MAKASSAR, UPEKS.co.id–Aksi perang tarif ojek online (ojol), setelah terbitnya Kemenhub 348/2019, diperkirakan masih terjadi dan dinilai tidak sehat bagi keberlangsungan hidup industri layanan transportasi berbasis aplikasi tersebut di Makassar. Dampak lanjutannya bisa dipastikan akan memperburuk layanan kepada konsumen.
“Sekarang sudah kelihatan strategi tersebut, awalnya mereka Grab dan Gojek menerapkan low price secara logika tidak masuk akal. Harga hanya Rp 5.000 atau bisa lebih rendah dari itu. Setelah menjadi lahan bisnis yang menyerap tenaga kerja yg luar biasa dan konsumen begitu banyak, mereka memainkan strategi baru karena
banyak perkerja dan konsumen yang tergantung ojol,” kata Syamsuri Rahim, Wakil Dekan III Fakultas Ekonomi UMI, Makassar, kemarin.
Syamsuri menambahkan, jika tidak segera diatasi dikhawatirkan semua pihak makin bergantung dan memperburuk layanan kepada konsumen. Apalagi dengan kategori pasar di Indonesia, menurut dia, memiliki perilaku konsumen yang tidak terlalu memerhatikan aspek keselamatan.
“Kemudian, pelaku bisnis lain yang tidak bisa bersaing dan dipaksa mengikuti model ojol, nanti melahirkan pasar ojol yang dimonopoli perusahaan tertentu dan kemudian mengendalikan semuanya. Jadi kalau Monopoli sudah terjadi, ujung-ujung konsumen jadi korban dan nanti seenaknya mengatur tarif,” jelas dia.
Dalam aksi perang tarif ini, sebelumnya diketahui Gojek terpaksa meladeni kompetitornya Grab dalam melayani ojek onlie di Indonesia.

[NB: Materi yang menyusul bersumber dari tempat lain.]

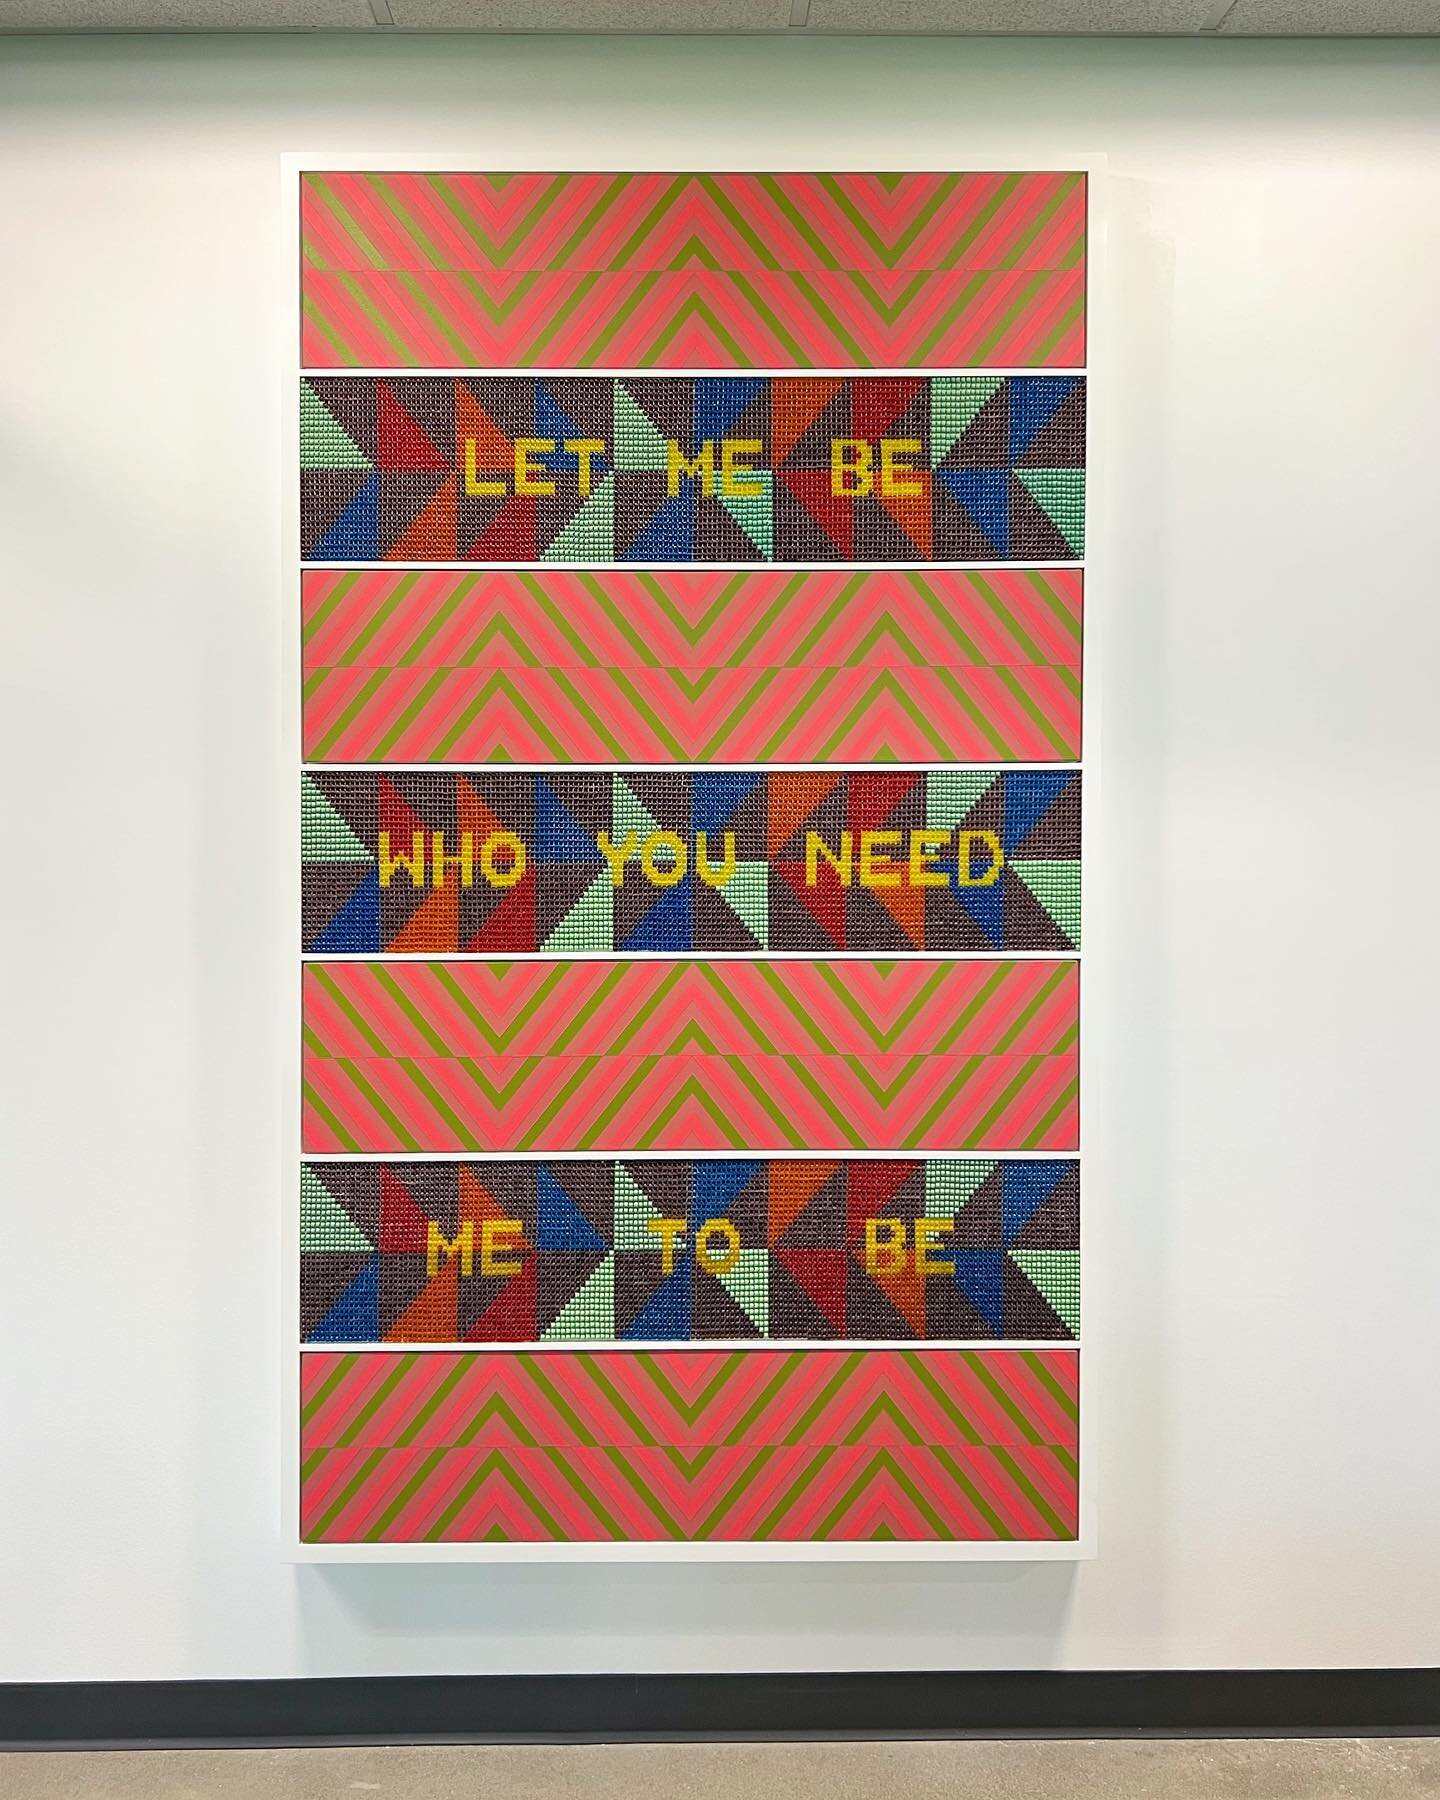 This work was recently acquired and installed for one of our favorite projects we are working on this year. LET ME BE WHO YOU NEED ME TO BE by @jeffrune gives us all of the feelings. 

Thank you to @kavigupta_ and @arynfoland for helping us place thi

Untuk menghindari perkembangan pasar yang sehat, Gojek sempat disarankan untuk keluar dari zona perang tarif, dan tak terpancing melakukan aksi itu semakin dalam.
Selain menimbulkan iklim usaha yang tidak sehat, juga dapat menghambat inovasi dalam investasi teknologi di ojek
online.
“Ini sangat tidak sehat. Menggangu inovasi karena profit turun akibat banyak bakar uang di promo tarif dan dampaknya merugikan mitra pengemudi juga,” kata pengamat industri digital dari Universitas Indonesia, Harryadin Mahardika.
Sebelumnya, Muh Akbar, pengamat pemasaran dan strategi komunikasi pemasaran dari Unhas Makassar mengatakan, penerapan model bisnis yang baik harus menjauhi perang tarif. Kondisi ini sangat dibutuhkan bagi pertumbuhan dan pengembangan fundamental bisnis ojek online di Makassar dan Indonesia.
Bahkan, untuk meningkatkan performa, perusahaan penyedia layanan transportasi berbasis aplikasi tersebut harus melakukan berbagai penyesuaian.
“Mereka (para pihak dalam industri ojol) secara bersama-sama harus menjalankan kegiatannya dengan baik dan benar. [Para driver] harus menjaga keseimbangan antara kenaikan tarif dengan kualitas layanan yang diberikan kepada pelanggannya,” kata dia ketika itu.
Sejak penyesuaian tarif Ojol diberlakukan 1 Mei 2019 di Makassar, Jakarta, Bandung Yogyakarta dan Surabaya. Konsumen pun merasa diberatkan bahkan dinilai masih minim sosialisasi untuk direalisasikan.
Keluhan ini salah satunya datang dari Karyawan swasta, Muhammad Arif. Konsumen Ojol ini bahkan belum sempat mendengar kabar kenaikan tarif.
Menurutnya, kenaikan tarif Ojol ini cukup memberatkan apalagi bagi konsumen setia Ojol dengan rute jauh. “Kita sebagai konsumen memilih ojek online bukan sekadar mudah, cepat tapi soal harga juga. Jadi kalau ada kenaikan, saya kira agak memberatkan,” katanya. (hery).